Kasey is speed-reading the file, and she nods, like she already sees what Floyd noticed.
“Active in the field during the years of the Cold War relevant to the case,” she says, as Floyd hands the file over to me and Aiden. “And he had already been assigned to bodyguard duty for various Stasi officials. He had experience with it.”
“Exactly, Kasey,” Floyd says, when I tell him her observations. “And there's more than that. Scholz was assigned to an overseas job very early in 1961, and the records related to it are all redacted completely. It must have been something of the utmost secrecy.”
“Very early in 1961,” Kasey repeats, her eyes lighting up. “That’s exactly the right time!”
Floyd nods excitedly when I relay this to him.
“After Scholz was assigned to that job, there’s absolutely nothing about him in any of the archived materials,” he continues. “All I can figure out is that when he came back, he was immediately dismissed from the agency. Then he disappears from the records.”
Aiden's eyes dart up from the Scholz personnel file and go to Floyd's face. "He was fired?"
"Yes."
I’ve been staring down at the picture of this guy - a surly-faced man built like a mountain, with intimidating eyes - but now I look up, troubled by this discovery. If Scholz was supposed to keep the kid safe, and he was immediately fired after he came home from being on the protection detail... what happened to the kid?
Based on Kasey, Will, and Aiden's expressions, the same thought has occurred to them.
Floyd takes a printed photo out of his folder, slides it to the center of the table. “This is the man Scholz was assigned to protect, before he was reassigned to the top-secret job that ended his career.”
It’s a black and white shot of a tall man, crossing the street, flanked by other men in uniform.
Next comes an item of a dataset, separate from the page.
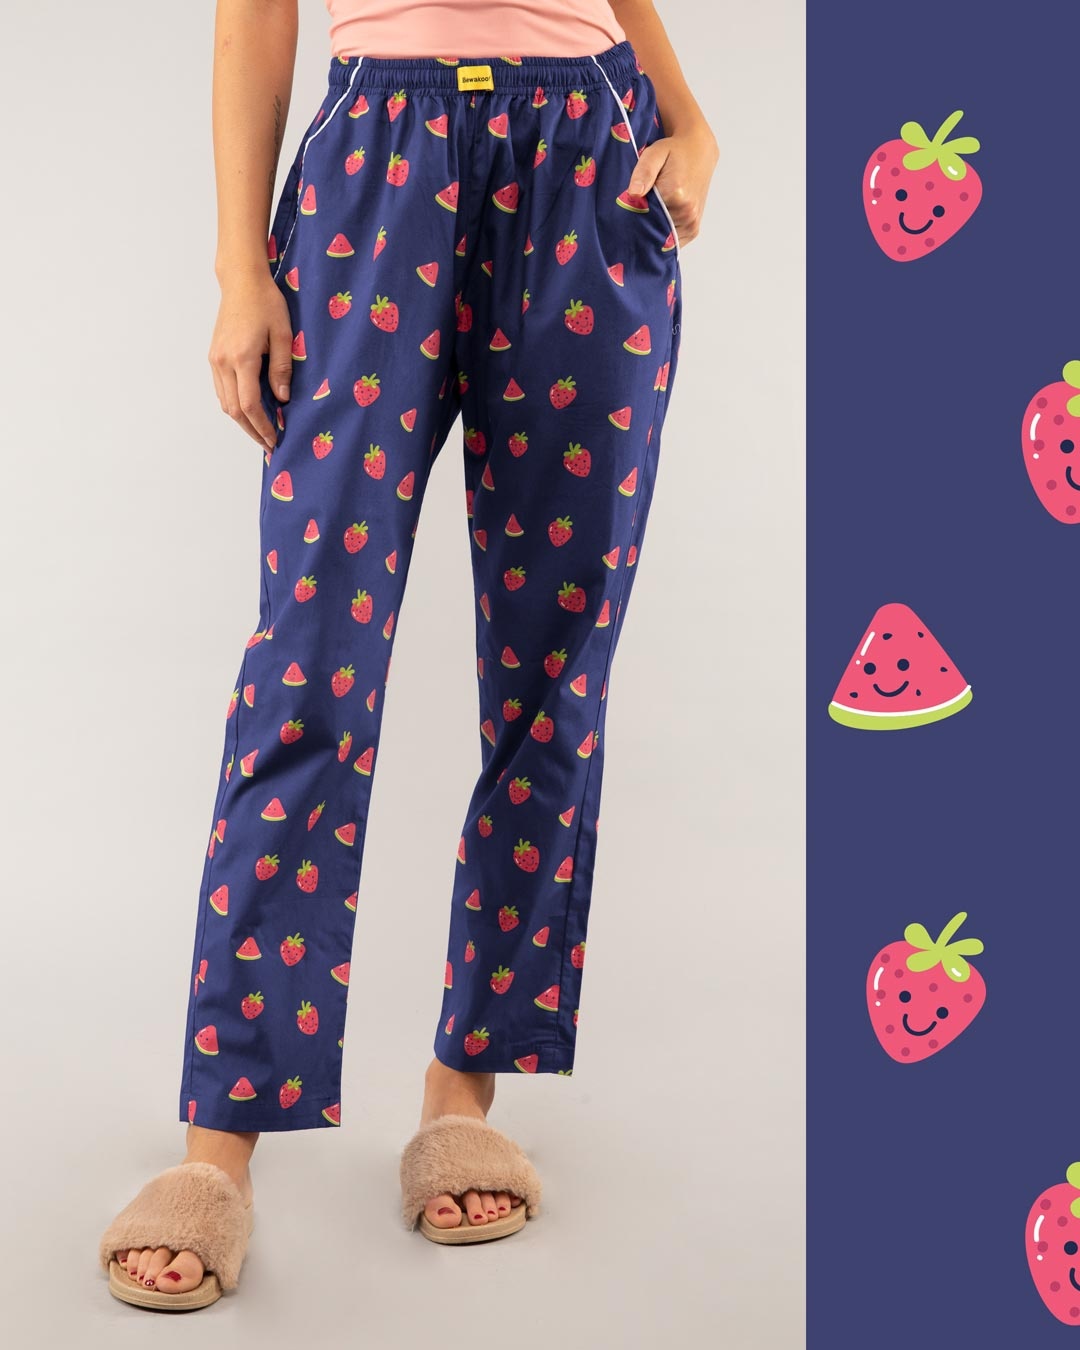 Shop Melon & Berries All Over Printed Pyjama-Front
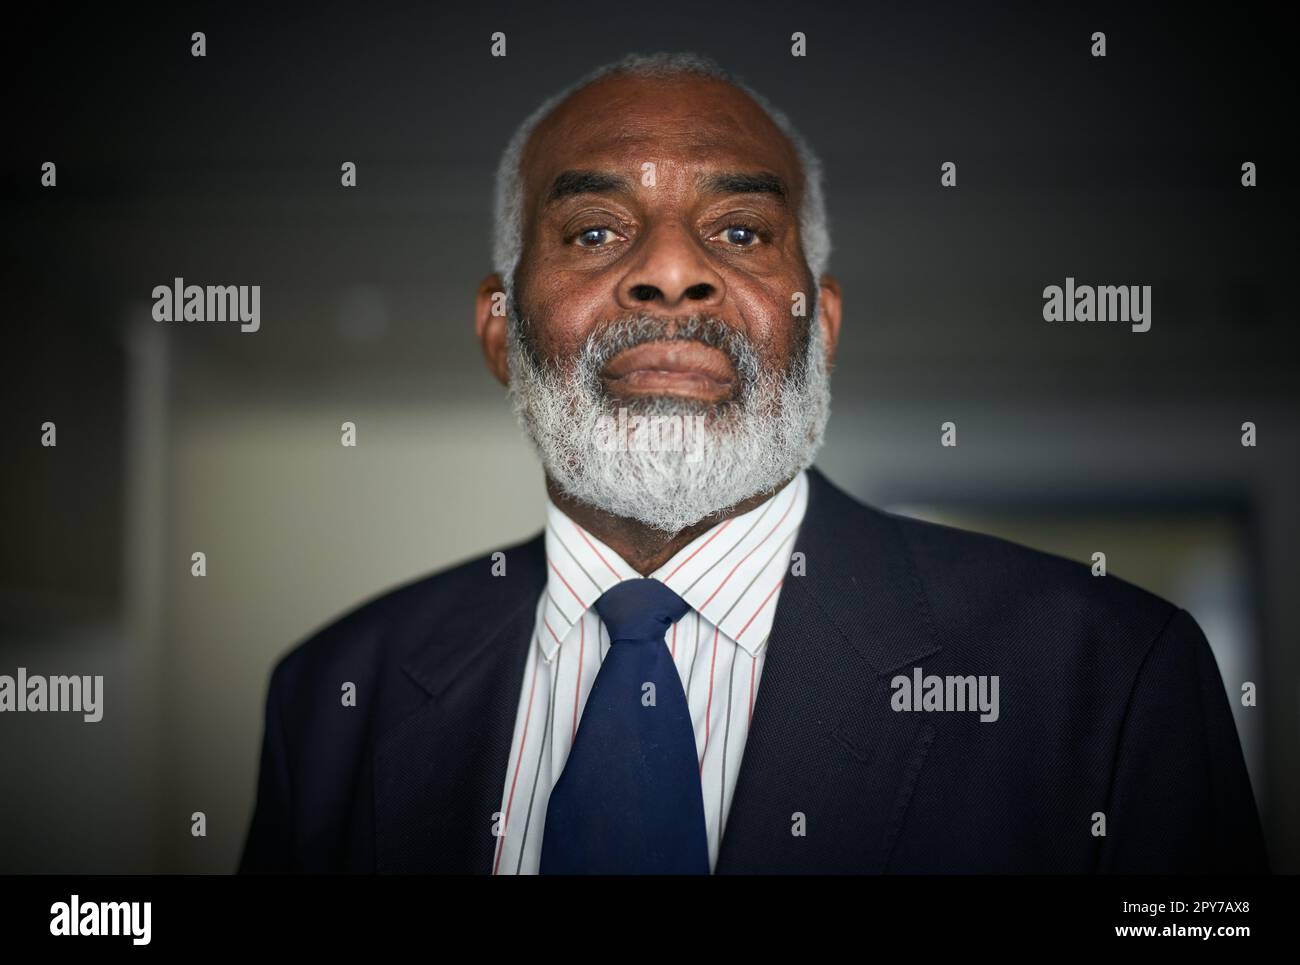 Portrait of Dr Neville Lawrence ahead of the 30th anniversary of his son's murder, Ministry of Justice,102 Petty France, London, England, UK. Stock Photo

He’s handsome, but there’s a frigid, harsh look in his eyes that's extremely offputting.
“This man looks like someone important,” Will observes, taking in the uniform, the medals, the heavy security clustered around him. “A highly-ranked member of the Stasi, presumably?”
“Very highly-ranked,” Floyd confirms, once Aiden translates. “Now, it occurred to me that if this man trusted his own personal security to Scholz, he might-”
“Trust his kid’s security to Scholz, too,” Aiden says, realizing out loud.
“Yes,” Kasey says slowly. “Oh - yes! This guy’s son would have been a valuable target, no fucking doubt!”
“So - this guy's son is the kid who was living in the farmhouse?” I ask, my head spinning. “And Scholz was one of the two agents protecting him?”
“That’s my working theory, yes.” Floyd leans forward, looking very serious. “There’s only one problem with it.”
“Okay?"
“There’s no record of this Stasi official having a son.”
We all sit back in our chairs, unable to hide our disappointment.
“But,” Floyd continues, “That begs the question.”
He takes another photo from his folder and holds it out to show us. It's marked with the stamp of the CIA public archives, not the Stasi ones. A date is scribbled at the bottom.
It was taken in 1960, the year before Scholz was assigned to the overseas job.
The picture was hastily taken, and from an odd angle, but this is clearly the same Stasi official. He’s accompanied by Scholz, and two other men in suits who I have to assume are additional security.
The official is walking with a little boy. Gripping him too tightly by the arm, practically dragging him along. The poor kid looks ready to burst into tears.
The familial resemblance is undeniable. Besides age, the only difference between the two of them is that the kid doesn’t have that icy coldness in his dark eyes.
I think we’ve all figured out Floyd’s question, but he says it out loud, anyways.
“If the Stasi official didn’t have a son,” he asks, “Then who is that?”